A thorough power evaluations have been instigated for DCs that are timed. There would be a review of two typical structures: conventional DCs and conventional DT DCs. A single rail in a single tail DC is insufficient owing to the huge power supply. Because DT DC provides big output swing and quick operation with minimal power consumption, single tail DCs have smaller output voltage swing. Power is significantly decreased by just supplementing the traditional DT DC combining a few minimum-sized transistors. Previously, in a DT topology, both the fp and fn nodes should be hauled back up again to the VDD each time they discharge to the ground during the decision-making phase of the reset phase. Among the only one of the aforementioned nodes (fp/fn) must be charged during the reset phase of the redesigned comparator, though. This is because less power was needed because, during the previous decision-making stage, one of the nodes had not been discharged depending regarding the status of the control transistors. Comparing this improvement to the traditional DC and DT comparator will likewise yield significant power savings. Additionally, a significant reduction in consumption of power is required for both of the suggested DCs. To enhance comparator performance, a novel DC with lower power and lower voltage capability is built.

References

[1] S. Babayan-Mashhadi and R. Lotfi, \"Analysis and Design of a Low-Voltage Low-Power DoubleTail Comparator,\" in IEEE Transactions on Very Large Scale Integration (VLSI) Systems, vol. 22, no. 2, pp. 343-352, Feb. 2014, doi: 10.1109/TVLSI.2013.2241799. [2] S. S. Chiwande and S. P. Akarte, \"Performance analysis of low voltage, low power dynamic double tail comparator for data convertor application,\" 2016 World Conference on Futuristic Trends in Research and Innovation for Social Welfare (Startup Conclave), Coimbatore, India, 2016, pp. 1-4, doi: 10.1109/STARTUP.2016.7583918. [3] D. Basak, S. M. I. Huq and S. Nath Biswas, \"Design and Analysis of High Speed DC for Area Minimization,\" 2019 2nd International Conference on Innovation in Engineering and Technology (ICIET), Dhaka, Bangladesh, 2019, pp. 1-5, doi:10.1109/ICIET48527.2019.9290619 [4] A. Khorami and M. Sharifkhani, \"A Low-Power High-Speed Comparator for Precise Applications,\" in IEEE Transactions on Very Large Scale Integration (VLSI) Systems, vol. 26, no. 10, pp. 2038-2049, Oct. 2018, doi: 10.1109/TVLSI.2018.2833037.) [5] L. Raju Thoutam, G. Rajya Vardhini, K. Ramya, M. Neeraj, S. Ravikumar and J. Ajayan, \"Design of Low Power 2-Bit Flash ADC using High Performance Dynamic Double Tail Comparator,\" 2022 IEEE Internationa Conference on Nanoelectronics, Nanophotonics, Nanomaterials, Nanobioscience & Nanotechnology (5NANO), Kottayam, India, 2022, pp. 1-5, doi: 10.1109/5NANO53044.2022.9828927. [6] Y. Wang, M. Yao, B. Guo, Z. Wu, W. Fan and J. J. Liou, \"A Low-Power High-Speed DC With a Transconductance-Enhanced Latching Stage,\" in IEEE Access, vol. 7, pp. 93396- 93403, 2019, doi: 10.1109/ACCESS.2019.2927514. [7] Nikoozadeh and B. Murmann, “An analysis of latched comaprator offset due to load capacitor mismatch,” IEEE Trans.

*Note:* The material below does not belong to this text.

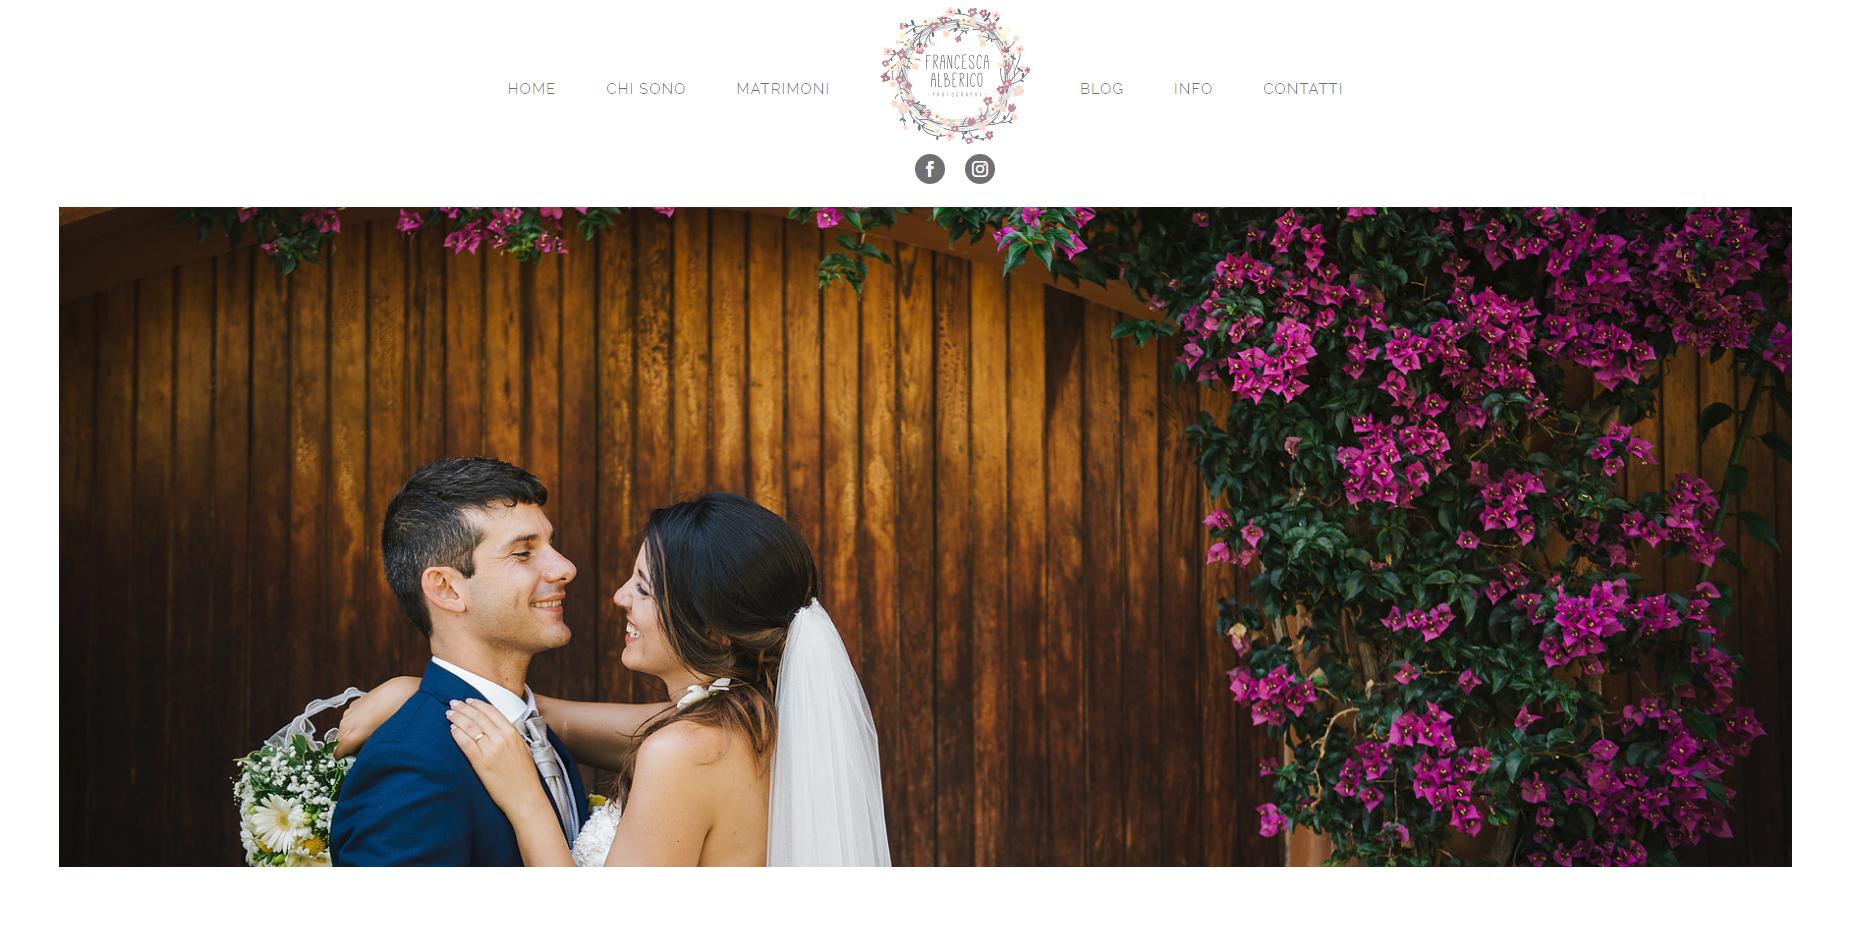 sito-web-per-fotografa

Circuits Syst. II, Exp. Briefs, vol. 53, no. 12, pp. 1398–1402, Dec. 2006. [8] J. He, S. Zhan, D. Chen, and R. J. Geiger, “Analyses of static and dynamic random offset voltages in DCs,” IEEE Trans. Circuits Syst. I, Reg. Papers, vol. 56, no. 5, pp. 911–919, May 2009. [9] B. J. Blalock, “Body-driving as a Low-Voltage Analog Design Technique for CMOS technology,” in Proc. IEEE Southwest Symp. Mixed-Signal Design, Feb. 2000, pp. 113–118.

Copyright

Copyright © 2024 Poornima G, Soundarya N. This is an open access article distributed under the Creative Commons Attribution License, which permits unrestricted use, distribution, and reproduction in any medium, provided the original work is properly cited.